We are looking for a Master student to work on those two segmentation steps. The first part will involve the development and application of a deep learning approach, incorporating techniques such as transfer learning, data augmentation and the design of a task-specific training loss. For the second part, the student will develop a method utilizing the 3D spatial consistency amongst ultrasound images.

The ideal candidate for this project should have solid programming skills with proficiency in PyTorch and a strong foundation in image processing, machine learning and deep learning.

Assistants : Sandra Marcadent ([email protected]), Ayoub Tajja ([email protected])
Supervisor : Prof. Jean-Philippe Thiran

*You will find more information about it here: https://vimeo.com/321254812


3. Spherical Deconvolution Algorithms for Intra-Voxel Fiber Estimation and Brain Connectivity Mapping

The LTS5 Diffusion group focuses on brain tissue microstructure and structural connectivity –estimated by diffusion Magnetic Resonance Imaging (dMRI) data, with a particular focus on the reconstruction of the nerve fiber orientation distribution function (ODF) per voxel (see the figure below). This information is important for the reconstruction of the brain’s white matter by using fiber tracking algorithms (see ref [1]).

We have implemented various novel reconstruction algorithms (e.g., see refs. [2-5]) and we plan to develop a new generation of methods using Machine Learning techniques. The goals of this project are: (1) create a large database of fiber ODFs and corresponding dMRI signals, (2) Design, train, and optimize a neural network using this dataset, (3) predict the fiber ODFs from new dMRI data, and (4) compare the implemented algorithm with state-of-the-art techniques using both synthetic and real dMRI data acquired from human brains. The results will be published in international conferences and relevant journals.

Requirements: The project will be implemented in Python, so good knowledge is required. This project is ideal for a computer scientist, mathematician, physicist, or engineer interested in medical imaging, machine learning, signal processing, and optimization.

References:
[1] https://www.sciencedirect.com/science/article/abs/pii/S1053811914003541

[2] https://www.ncbi.nlm.nih.gov/pmc/articles/PMC4607500
[3] https://www.sciencedirect.com/science/article/abs/pii/S1053811918307699
[4] https://onlinelibrary.wiley.com/doi/10.1002/mrm.21917

Supervisors: Dr. Erick J. Canales-Rodríguez ([email protected]), Dr. Gabriel Girard ([email protected]), and Prof. Jean-Philippe Thiran


4. Myelin Water Imaging Using T2 Relaxometry

Myelin is a lipid-rich substance that surrounds the axons in the brain, which is essential for the proper functioning of the nervous system.
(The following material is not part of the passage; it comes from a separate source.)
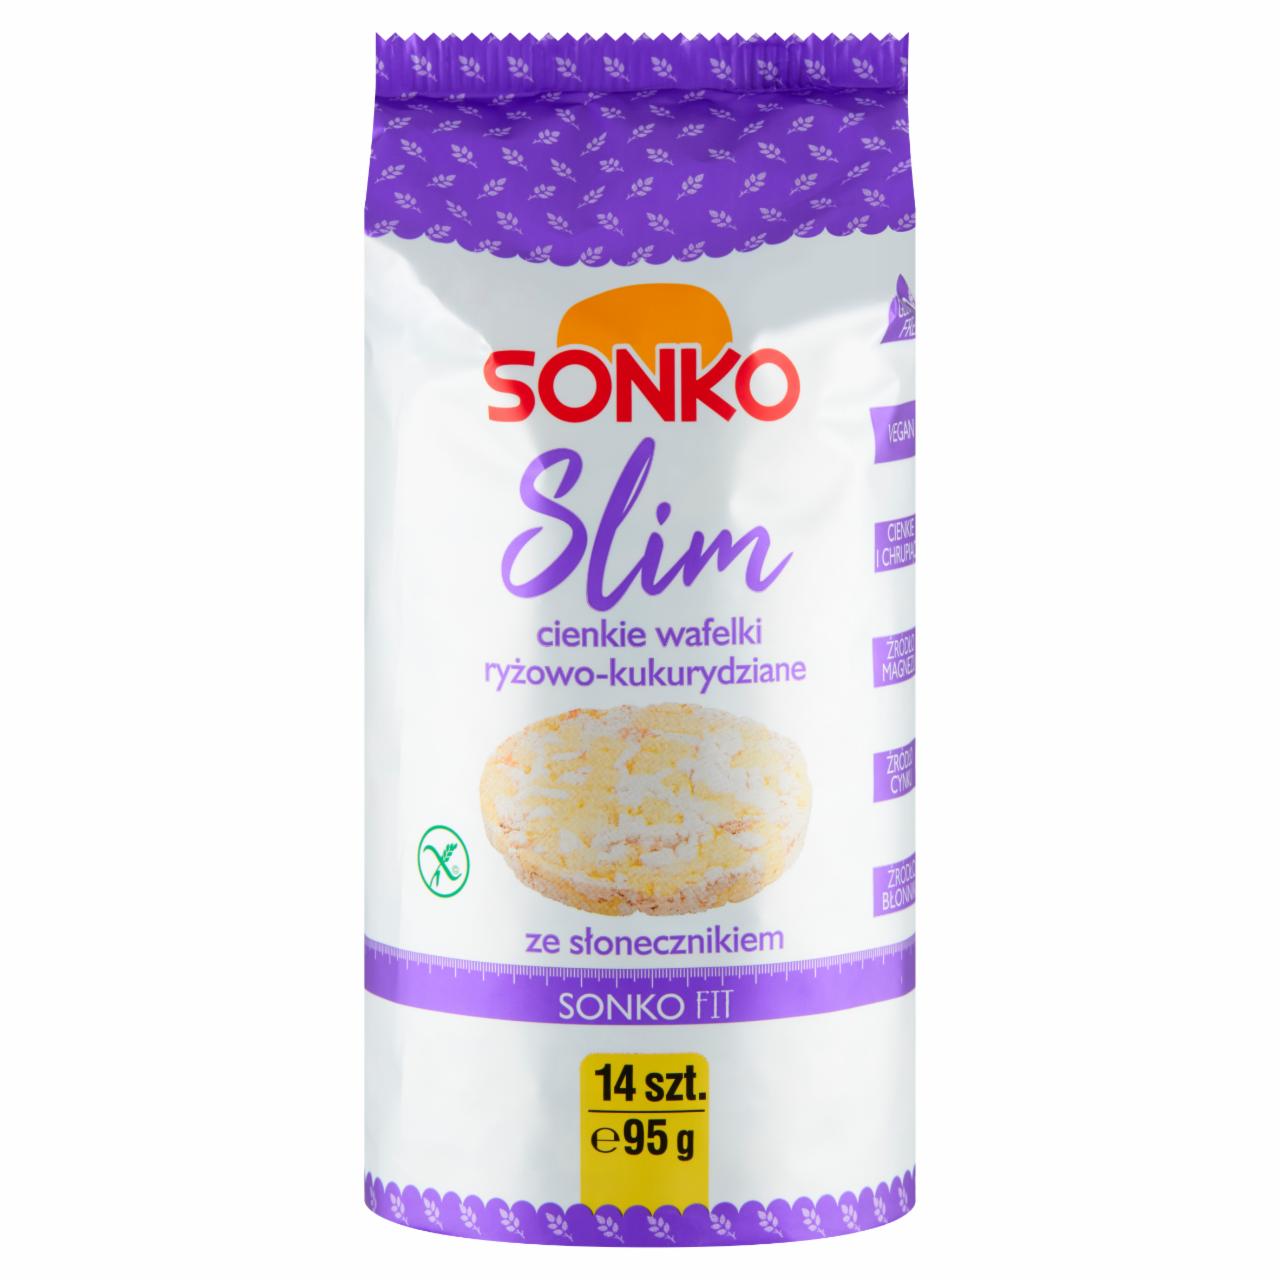 Zdjęcia - Sonko Slim Cienkie wafelki ryżowo-kukurydziane ze słonecznikiem 95 g (14 sztuk)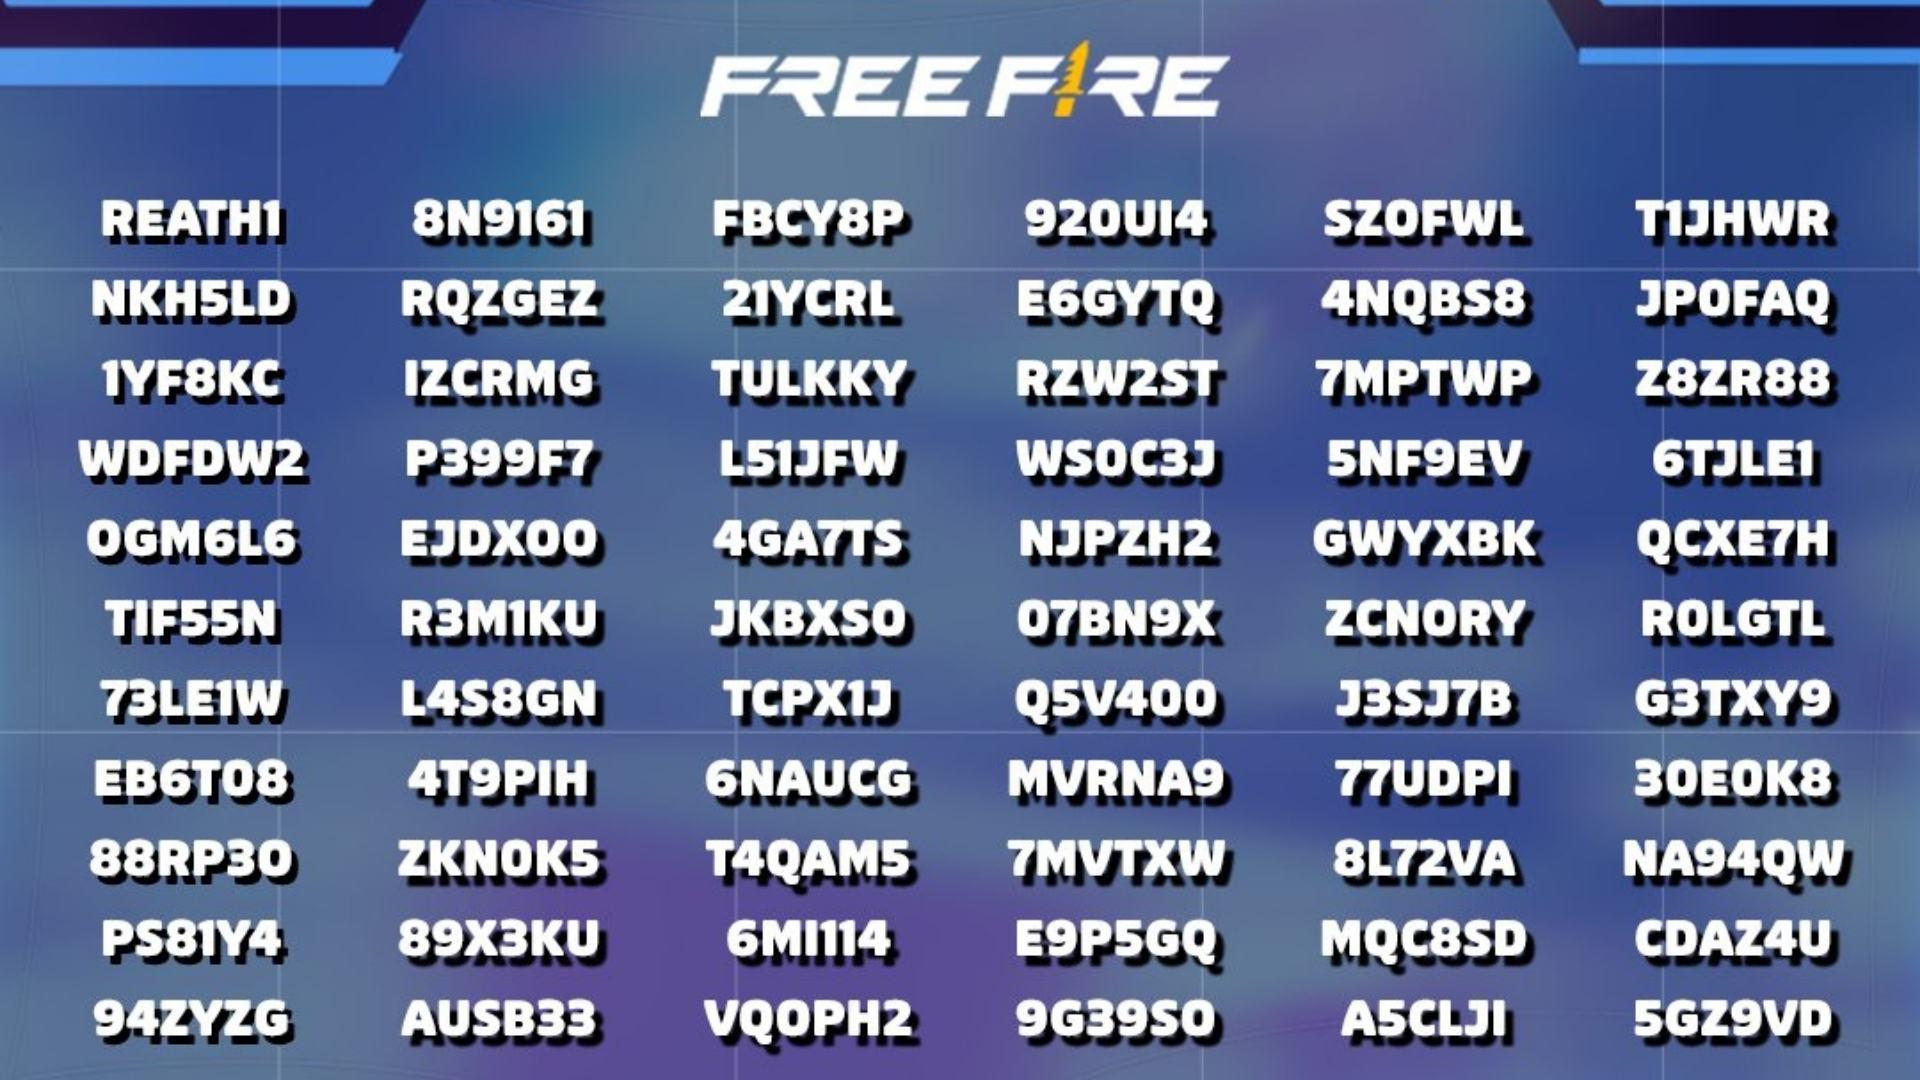 Garena Free Fire: Verifique a Lista de Códigos FF disponíveis para

Myelin water imaging is a magnetic resonance imaging (MRI) method that can be used to quantify and visualize myelination in the brain and spinal cord in vivo. The signal coming from the MRI machine (using a multi-echo T2 relaxometry sequence) can be decomposed into components, including that originated by water molecules trapped between the lipid bilayers of myelin. The correct estimation of this component provides a myelin-specific MRI biomarker to monitor brain changes in cerebral white matter. Myelin quantification has important implications for understanding various neurodegenerative diseases, including multiple sclerosis.
We are looking for a motivated student to (1) learn about the MRI and signal processing theory behind this modality, (2) improve the current estimation methods, and (3) test and compare the new results with the current methods and histological measurements.
The project builds on top of previous cutting-edge research carried out in our lab (for more details see our multi-component T2 reconstruction toolbox and related references: https://github.com/ejcanalesr/multicomponent-T2-toolbox). The results will be published in international conferences and relevant journals.

Requirements: The project will be implemented in Python, so good knowledge is required. This project is ideal for a computer scientist, mathematician, physicist, or engineer interested in medical imaging, optimization, and signal processing.

Supervisors: Dr. Erick J. Canales-Rodríguez ([email protected]) and Prof. Jean-Philippe Thiran


5. Image analysis for cervical cancer detection

Cervical cancer is a major concern in public health around the world, both in high and low- and middle-income settings. In collaboration with the Geneva University Hospitals (HUG) and Dschang District Hospital in Cameroon, we aim at implementing a smartphone-based solution that automatically detects cervical cancer from videos of the cervix using deep neural networks.

Project 5.1 – Image segmentation and quality assessment for cervical cancer detection using deep learning
This project focuses on the preprocessing pipeline required before the classification of the images. Firstly, the goal is to improve the existing deep learning-based method for detecting and segmenting the cervix (region of interest) in the images. Then, based on those results, the second part addresses movement detection and compensation. Many further extensions of the project are possible in quality assessment of the images (blurriness, presence of blood, mucus or an object…).
Requirements: Basic knowledge of deep learning and image processing. Fluent in python and pytorch.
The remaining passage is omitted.